In the present study, it was confirmed that resveratrol inhibited the HPV E6 mRNA, HPV E6 protein and phosphorylated retinoblastoma protein (p‑pRb1) levels, and increased the p53 protein levels in HeLa and Ca Ski cells, as well as in subcutaneous tumor tissue grown from HeLa cells.
On the whole, the present study demonstrates that resveratrol inhibits cervical cancer development by suppressing the transcription and translation of E6 and E7, and also by promoting the apoptosis and G1/S phase transition arrest. These findings may provide the basis for the development of resveratrol as a candidate for cervical cancer therapy…”
“Thymoquinone (TQ) is the main constituent of black seed (Nigella sativa, spp) essential oil which shows promising in vitro and in vivo anti-neoplastic activities in different tumor cell lines.
However, to date there are only a few reports regarding the apoptotic effects of TQ on cervical cancer cells. Here, we report that TQ stimulated distinct apoptotic pathways in two human cervical cell lines, Siha and C33A. TQ markedly induced apoptosis as demonstrated by cell cycle analysis in both cell lines.
Moreover, quantitative PCR revealed that TQ induced apoptosis in Siha cells through p53-dependent pathway as shown by elevated level of p53-mediated apoptosis target genes, whereas apoptosis in C33A cells was mainly associated with the activation of caspase-3…
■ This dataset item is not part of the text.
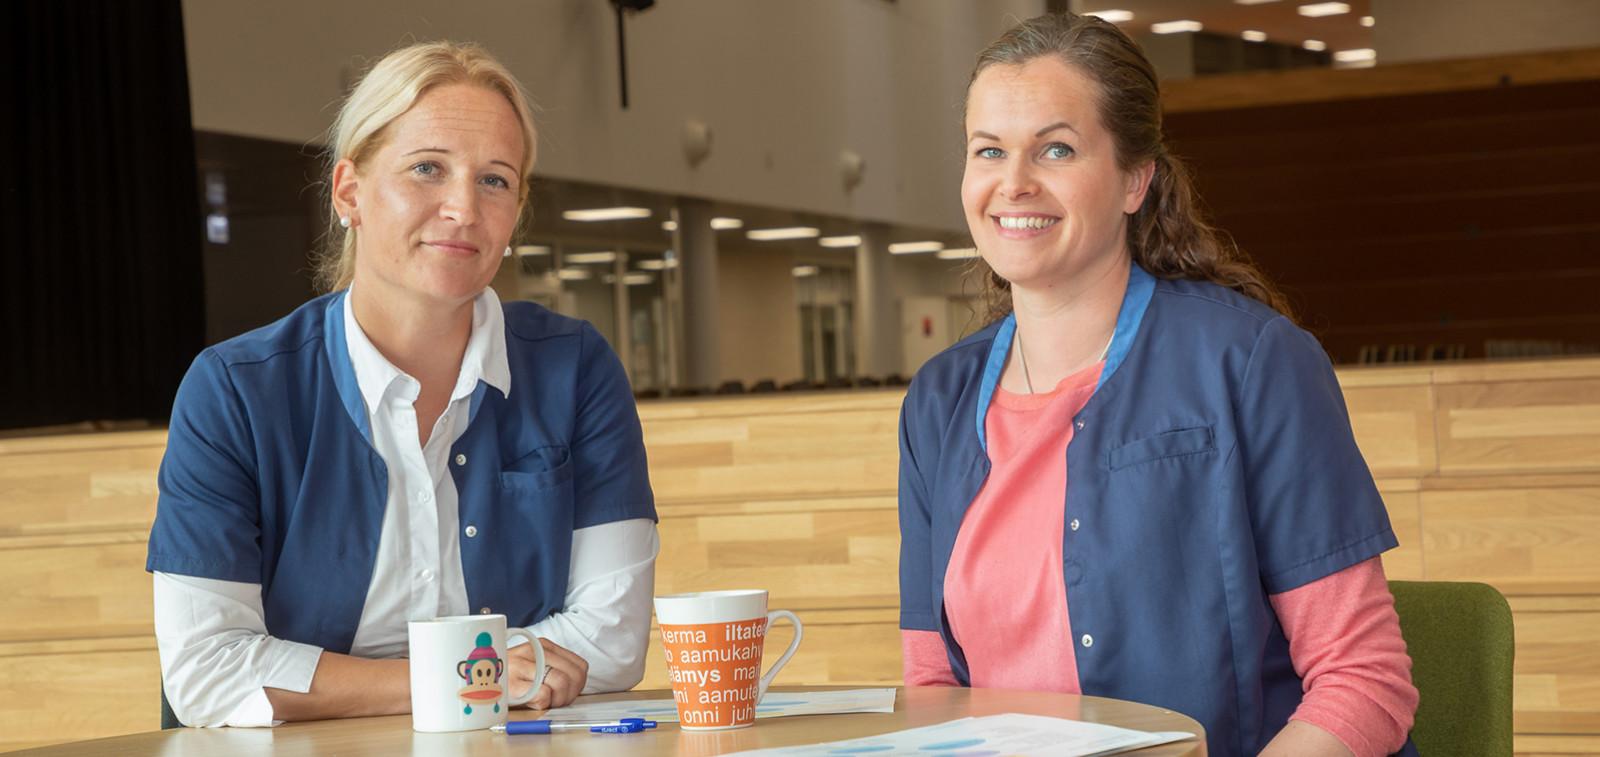 Terveydenhoitajat Pia Rantala ja Saiju Koskelo kahvittelemassa.

These results support previous findings on TQ as a potential therapeutic agent for human cervical cancer.”
“Thymoquinone (TQ), the active constituent of Nigella sativa or black cumin exhibited cytotoxic effects in several cancer cell lines. In this study, the cytotoxicity of TQ in human cervical squamous carcinoma cells (SiHa) was investigated. TQ was cytotoxic towards SiHa cells…
TQ was more cytotoxic towards SiHa cells compared to cisplatin. Interestingly, TQ was less cytotoxic towards the normal cells (3T3-L1 and Vero)...
In conclusion, thymoquinone from N. sativa was more potent than cisplatin in elimination of SiHa cells via apoptosis with down-regulation of Bcl-2 protein.”